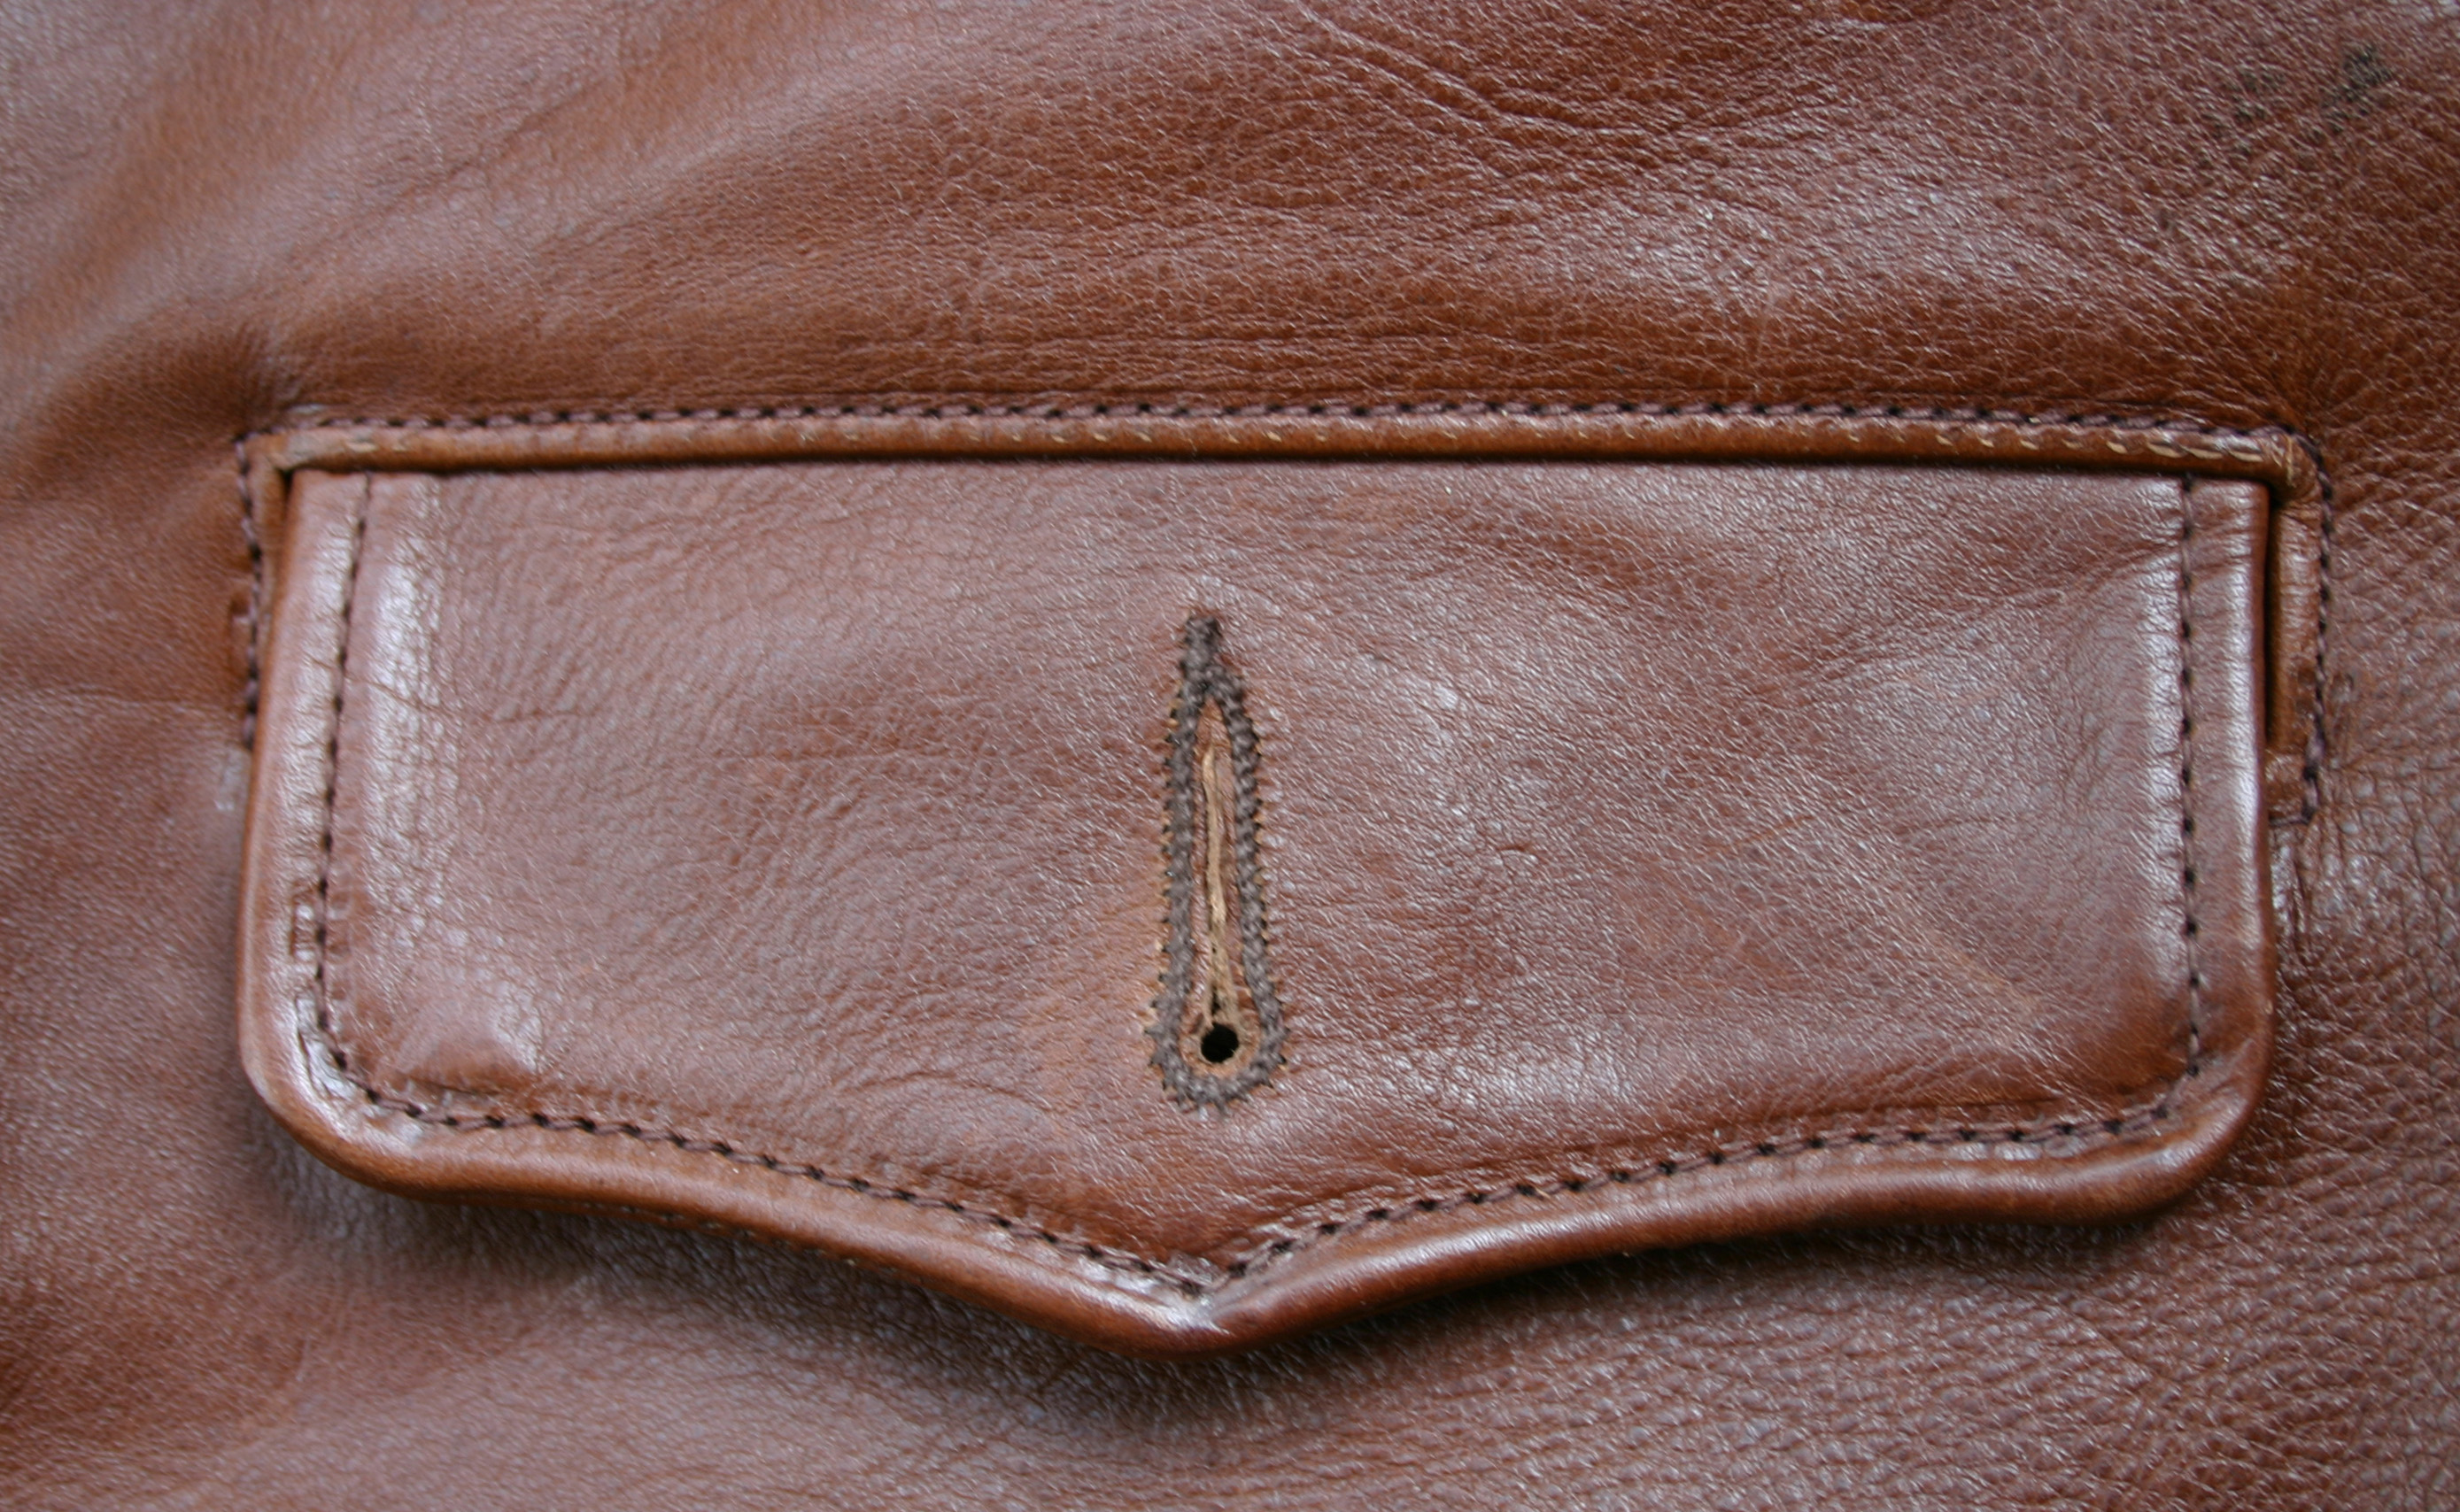 Unbuttoned Pocket Flap | Vintage Leather Jackets Forum
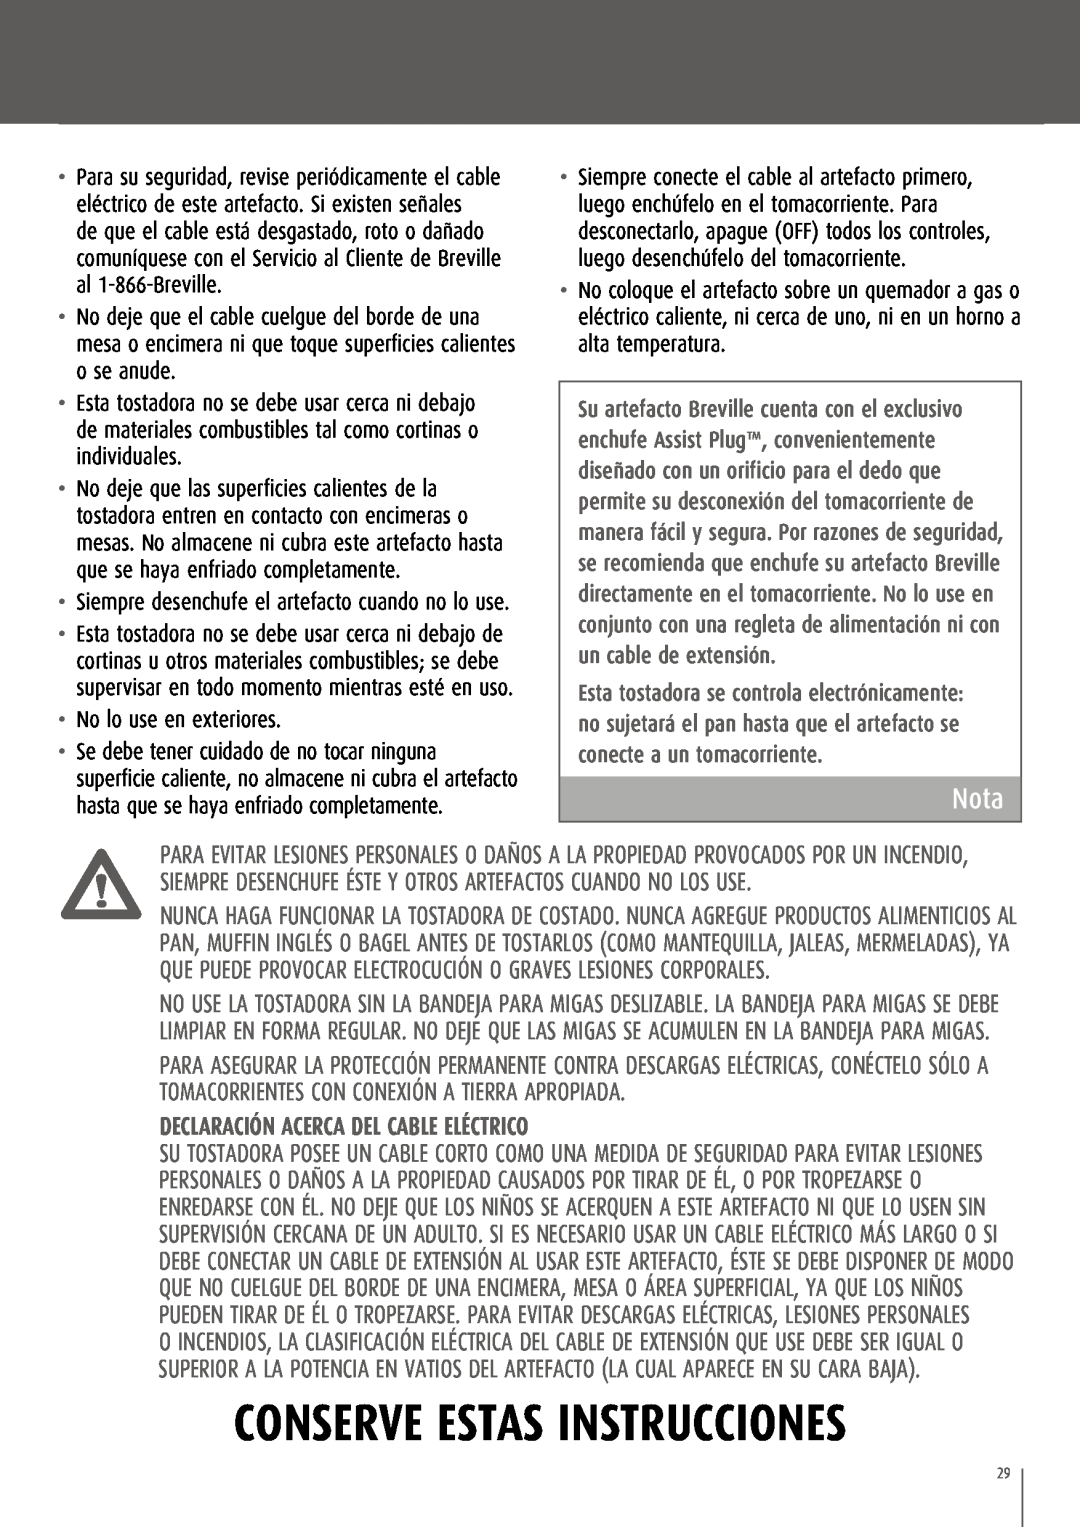 Breville CT70XL/A manual Nota, Declaración acerca del cable eléctrico, Conserve Estas Instrucciones 
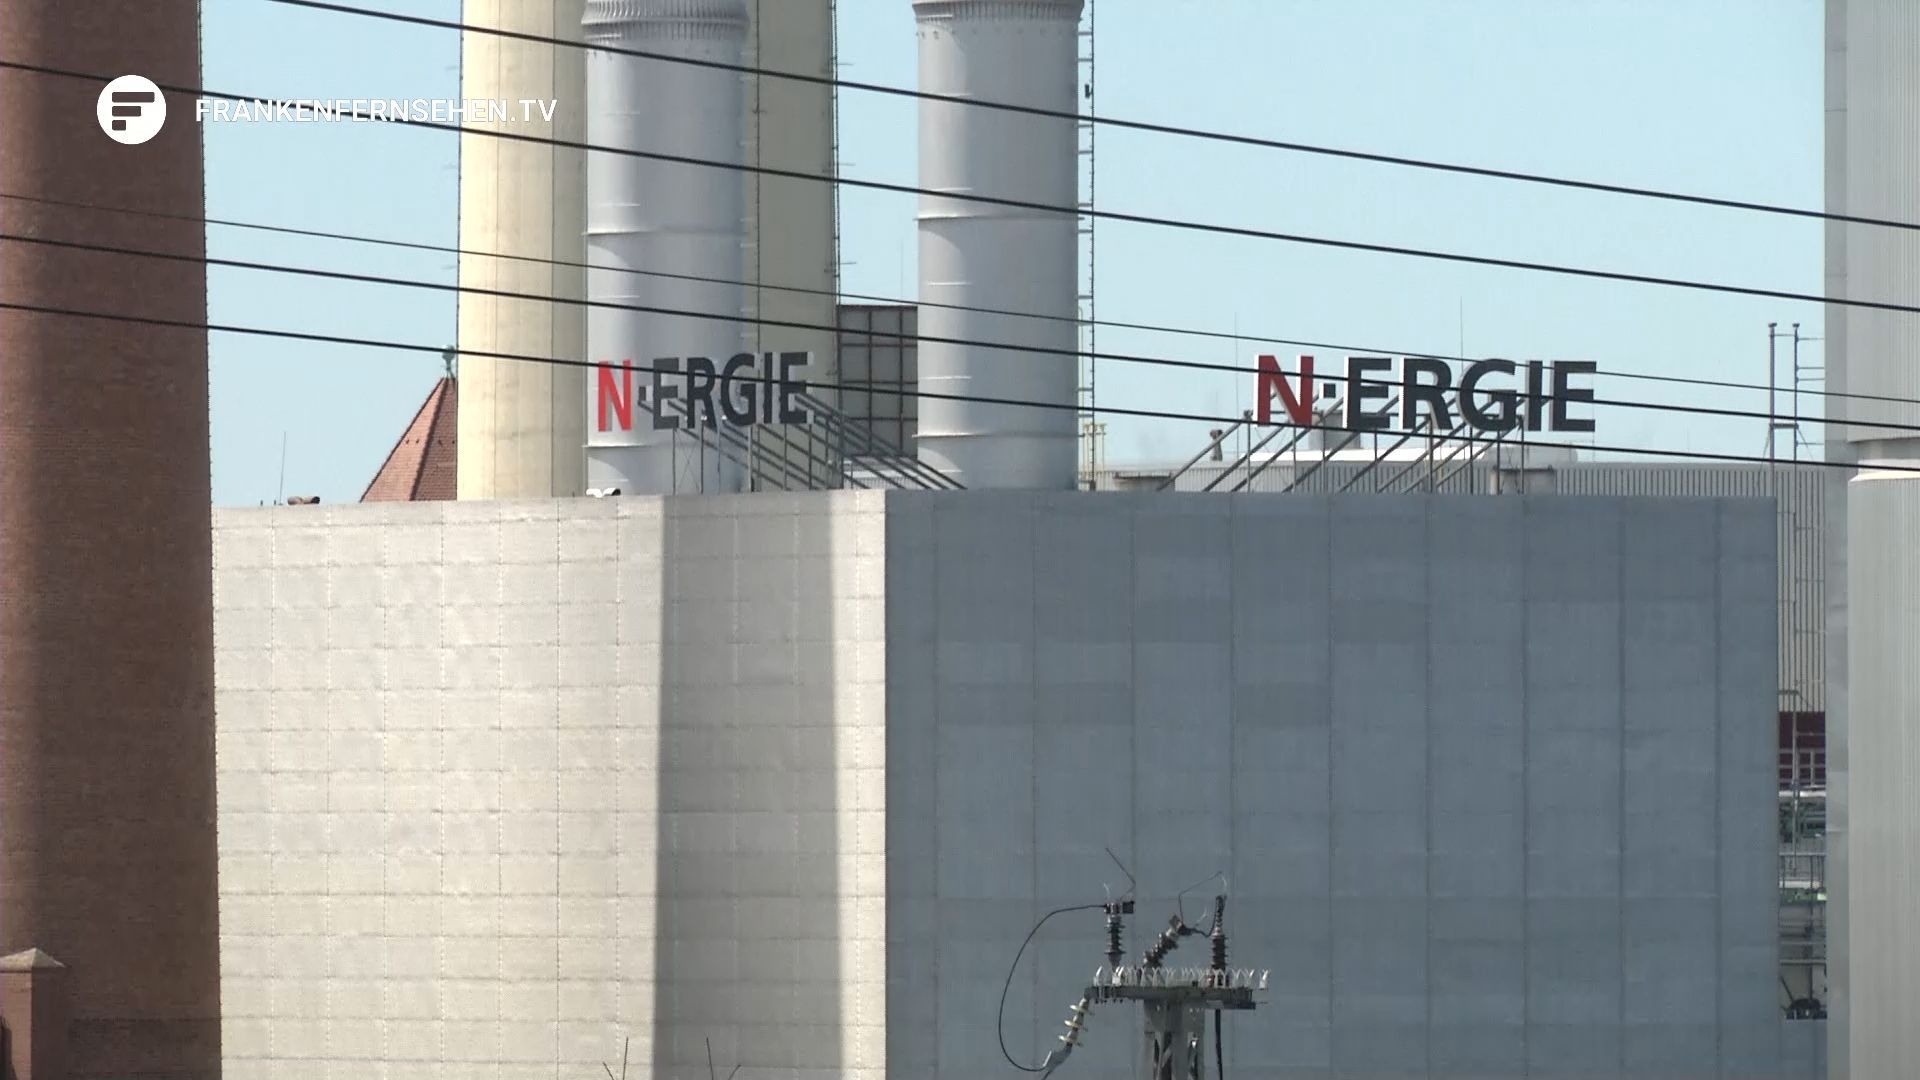 N-Ergie zieht Bilanz: Strom und Erdgas Preise sinken wieder
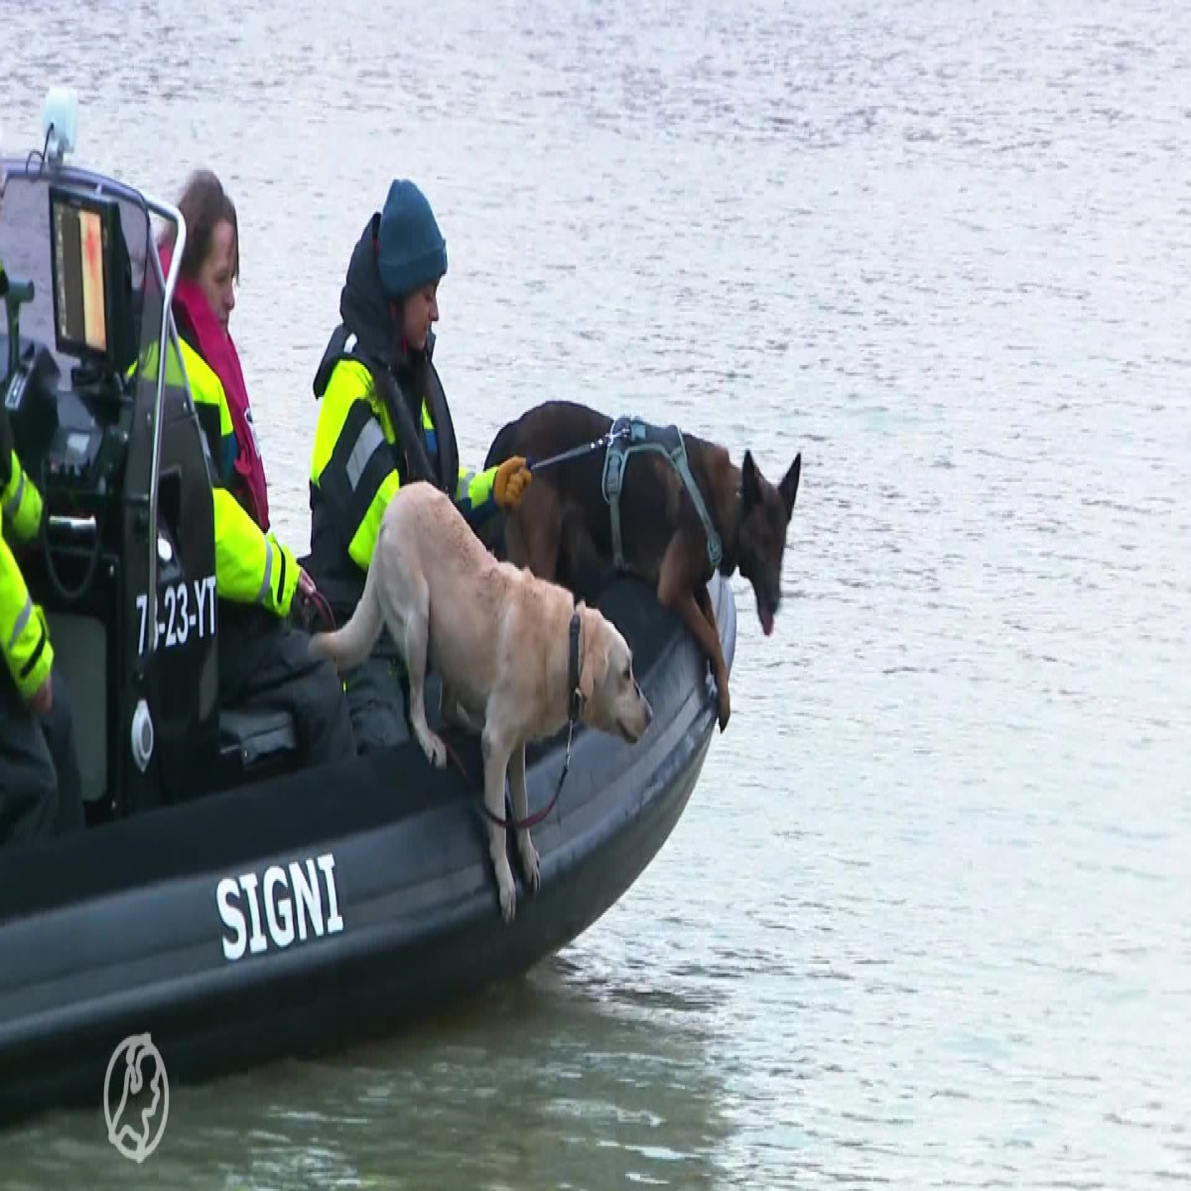 2 zoekhonden in een boot van non profit stichting Signi

→ **Task item**
Reproduce the material exactly; omit the pictures.

→ **Completed task**
 Unbuttoned Pocket Flap | Vintage Leather Jackets Forum
 Breville CT70XL/A manual Nota, Declaración acerca del cable eléctrico, Conserve Estas Instrucciones 
 N-Ergie zieht Bilanz: Strom und Erdgas Preise sinken wieder
 2 zoekhonden in een boot van non profit stichting Signi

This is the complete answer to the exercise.